Malcolm: Prevent Trojan Source attacks with GCC 12

[Posted January 12, 2022 by corbet]

David Malcolm describes some GCC improvements to defend against bidirectional-text attacks in source code.

My colleague Marek Polacek and I implemented a new warning for GCC 12, -Wbidi-chars, for detecting Trojan Source attacks involving Unicode control characters. Marek implemented the guts of the warning, but when I tried it out on the examples provided by the Trojan Source researchers, I found I had trouble understanding the initial results—precisely because of the obfuscation itself.
So for GCC 12, I've added a new flag to GCC diagnostics, indicating that the diagnostic itself relates to source code encoding. When any such diagnostic is printed, GCC will now escape non-ASCII characters in the source code.

Malcolm: Prevent Trojan Source attacks with GCC 12

Posted Jan 13, 2022 0:48 UTC (Thu) by JoeBuck (subscriber, #2330) [Link] (2 responses)

I'm not familiar with the details of mixed-direction processing, perhaps an Arabic, Farsi, or Hebrew speaker can comment.

It seems it wouldn't be that rare to have a comment with text in a right-to-left language in source code that otherwise uses ASCII-subset identifiers. Would we expect to see these direction-boundary characters in that case, but properly nested? It would also seem that we wouldn't expect a string that only has characters in a left-to-right language to be reversed, it seems this could be done with proper nesting. To exploit that I guess we'd need two variables that are the reverse of each other but it would be hard to sneak that by.

Ideally GCC should warn against dangerous and suspect uses without discriminating against people who want to write comments or have strings in their native language.

(I haven't been active as a GCC contributor in a very long time, though I once was).

Malcolm: Prevent Trojan Source attacks with GCC 12

Posted Jan 13, 2022 1:07 UTC (Thu) by andresfreund (subscriber, #69562) [Link] (1 responses)

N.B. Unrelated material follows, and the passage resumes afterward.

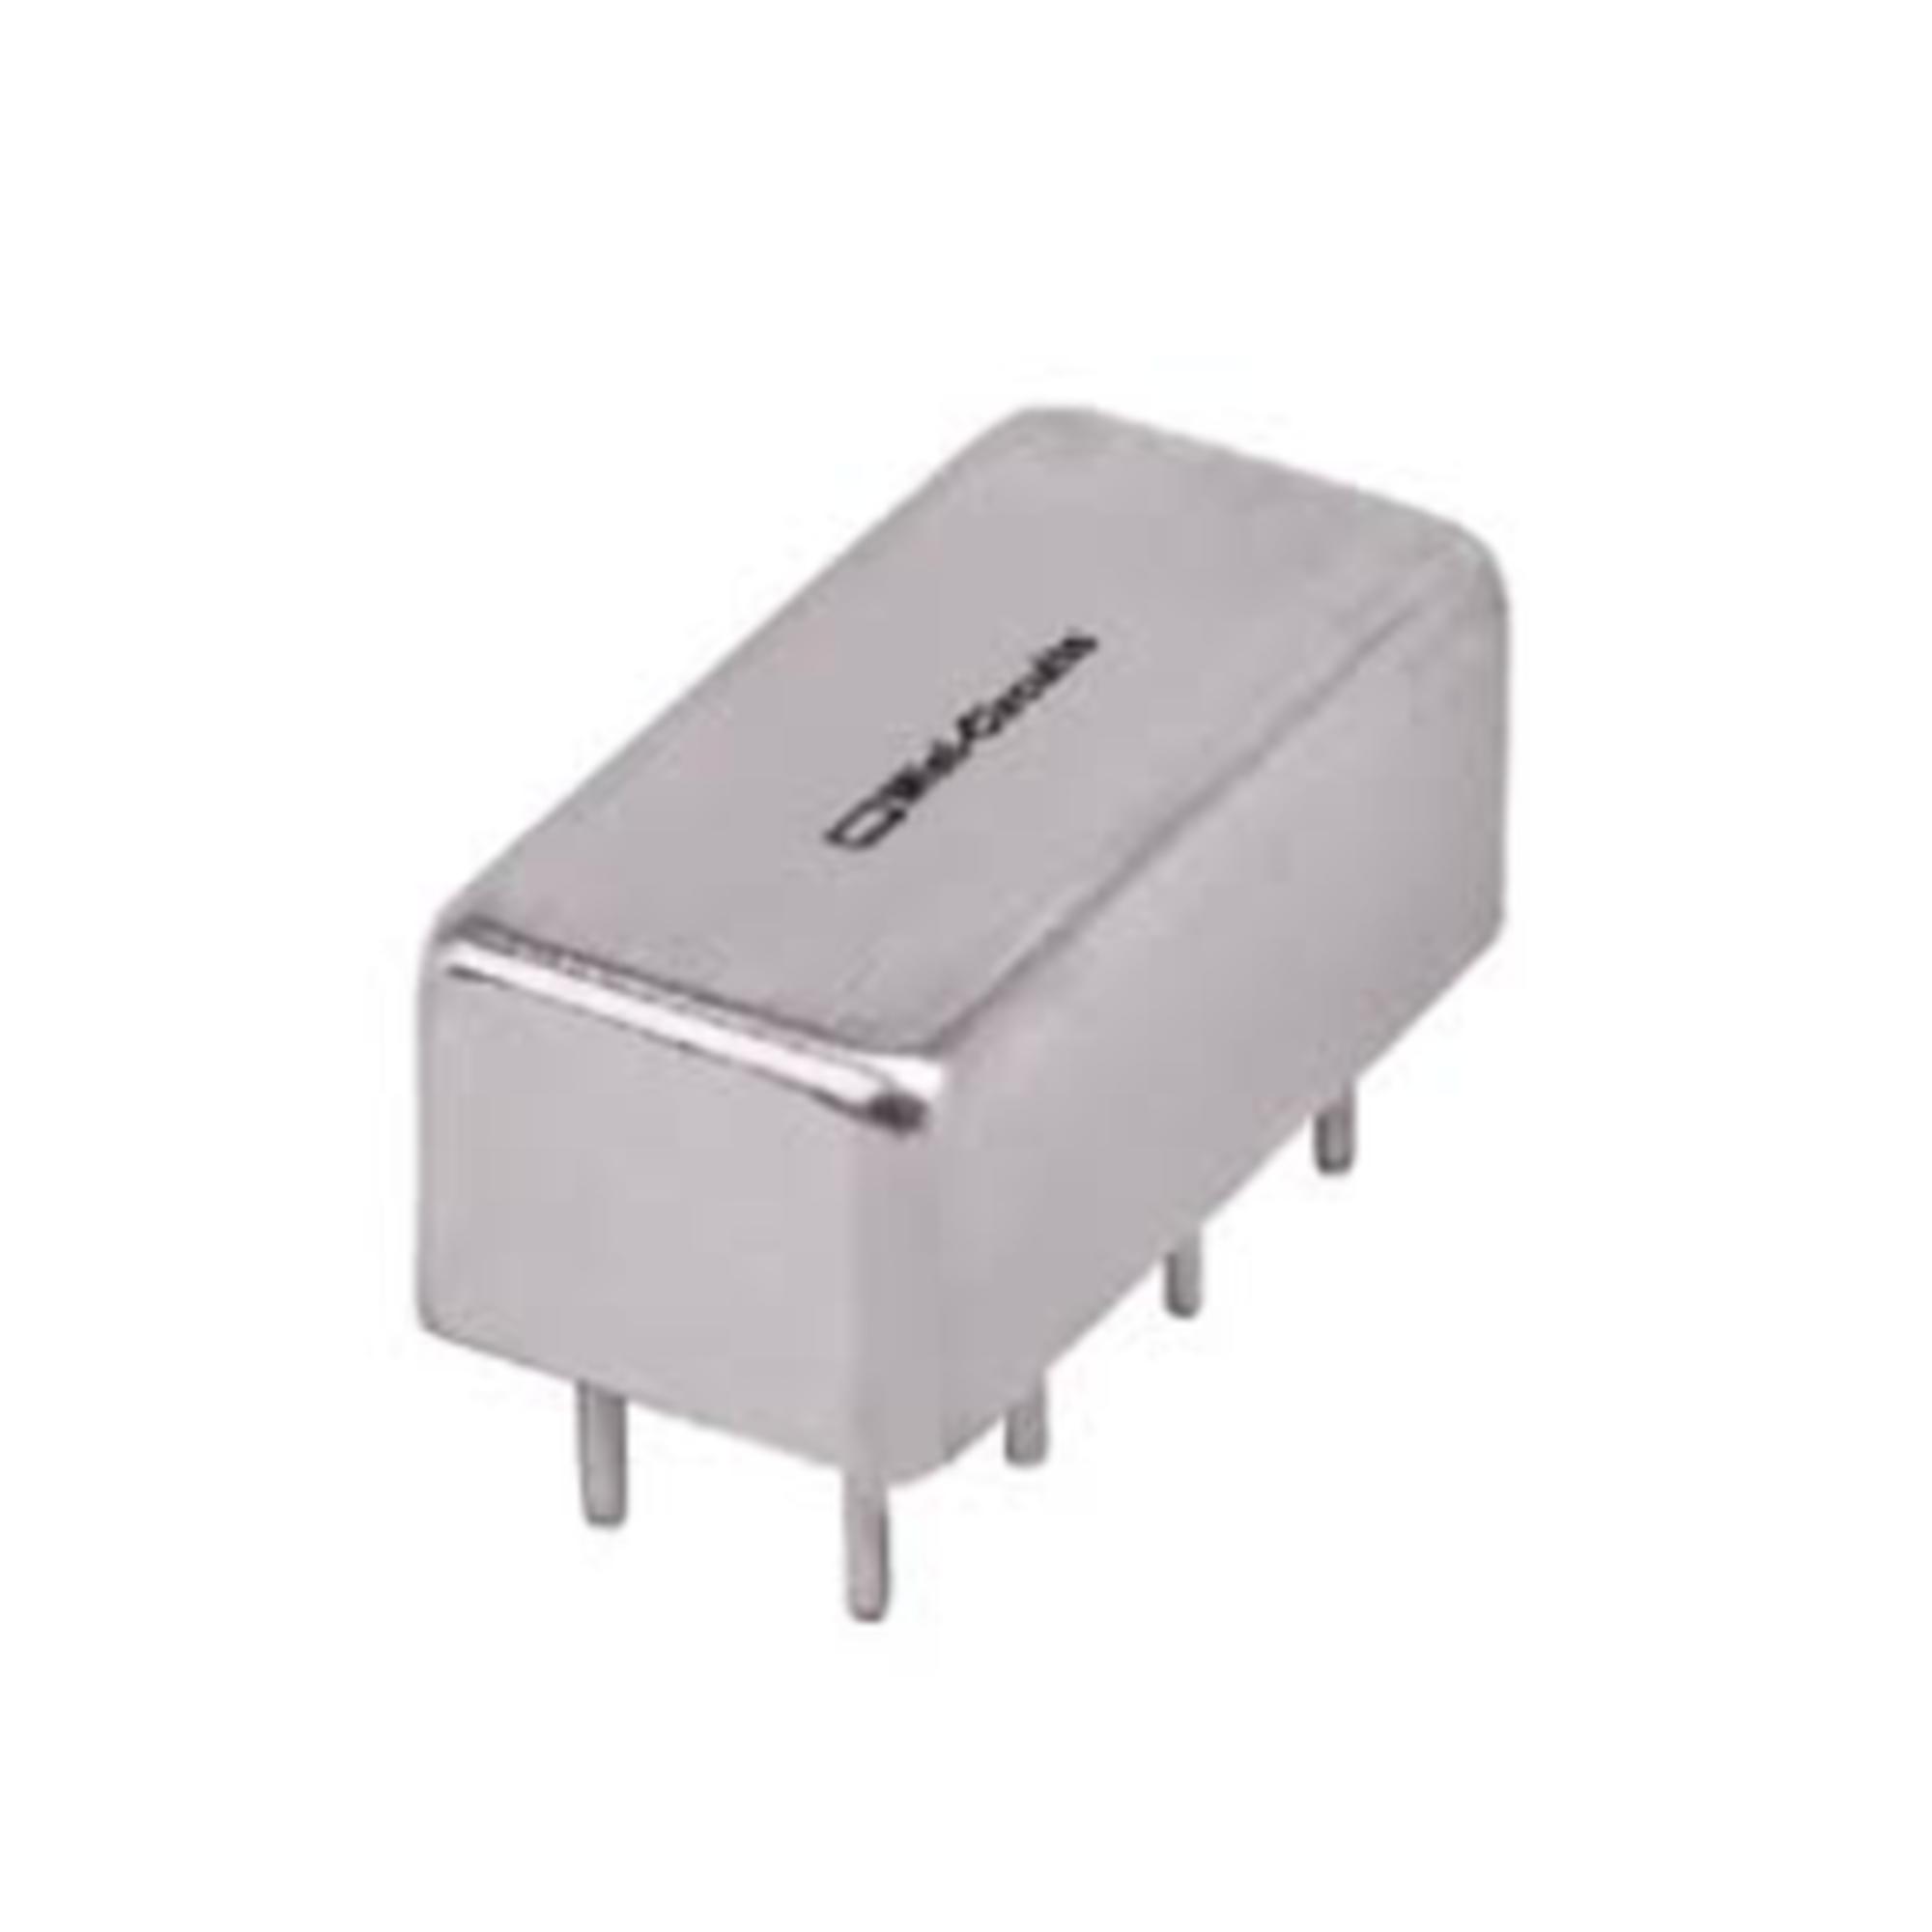 Mezclador de Frecuencia (MICR15) Cristal para COM-3, 10-1000 MHz.

> Ideally GCC should warn against dangerous and suspect uses without discriminating against people who want to write comments or have strings in their native language.

Seems some attempts at that have been made?

From the post:

> We call a tokenization boundary such as a comment or string literal a bidirectional context in the warning because the obfuscation happens when there are differences between the structure as seen by the C tokenizer of the logical ordering of the characters on the one hand and the structure perceived by a human reader of the visual ordering of the code as implemented by the Unicode bidirectional algorithm on the other.

>The default is -Wbidi-chars=unpaired, in which the warning complains about unpaired characters within such a bidirectional context. A stronger form of the warning is -Wbidi-chars=any, in which the warning complains about any bidirectional control characters in the source code:

Malcolm: Prevent Trojan Source attacks with GCC 12

Posted Jan 13, 2022 2:31 UTC (Thu) by NYKevin (subscriber, #129325) [Link]

Unless I am misunderstanding something, that sounds entirely correct to me: The default behavior should be to allow legitimate uses of bidi characters, and there's also a stricter option for people who want to code entirely in LTR and only write RTL characters with \u escapes, localization files, and such (or the reverse, for that matter - most punctuation characters are bidi-neutral, and you can even use preprocessor directives to "hide" all of the LTR English keywords like int behind an RTL macro, so that you can write mostly or entirely RTL C if you really want to).

Malcolm: Prevent Trojan Source attacks with GCC 12

Posted Jan 13, 2022 7:55 UTC (Thu) by wtarreau (subscriber, #51152) [Link] (21 responses)

It would be so nice to have a simple "-Wnon-ascii" option. Most of the low-level code that's not user-facing doesn't need to use chars beyond ASCII and often uses that only by accident. By having this by default in a Makefile, it would be much easier for contributors to preserve that rule and keep the code both safe and widely interoperable.

Malcolm: Prevent Trojan Source attacks with GCC 12

Posted Jan 13, 2022 8:02 UTC (Thu) by wtarreau (subscriber, #51152) [Link]

Just checked, and in the kernel, on 10.9 MB of code in kernel/, only 8 bytes are non-ASCII, less than 1ppm! In drivers/ it's much more (many more contributors adding their names in changelogs). But it proves that it's quite feasible and absolutely not needed in such layers, and could trivially be enforced with such an option.

Malcolm: Prevent Trojan Source attacks with GCC 12

Posted Jan 13, 2022 12:42 UTC (Thu) by anton (subscriber, #25547) [Link] (13 responses)

What is the problem you see with left-to-right non-ASCII characters?

Malcolm: Prevent Trojan Source attacks with GCC 12

Posted Jan 13, 2022 12:59 UTC (Thu) by wtarreau (subscriber, #51152) [Link] (12 responses)

I just don't need them and they do not render everywhere similarly. Plus I absolutely hate to have an editor display characters that I cannot read or spell and even worse, cannot type on the keyboard (i.e. if I accidently mangle them). The situation with multi-alphabets in source code noawadays has reached a point where it's a total joke. Combine everyone's caprices and happily forget that the initial purpose was to write code to be understood by a computer without having to learn machine code...

Malcolm: Prevent Trojan Source attacks with GCC 12

Posted Jan 14, 2022 3:51 UTC (Fri) by tialaramex (subscriber, #21167) [Link]

> initial purpose was to write code to be understood by a computer without having to learn machine code...

I don't know if Grace spells this out, it may have seemed too obvious to her, but of course from the outset the purpose is that not only computers but _humans_ can understand the code, the humans will be writing it, and the humans will be reading it.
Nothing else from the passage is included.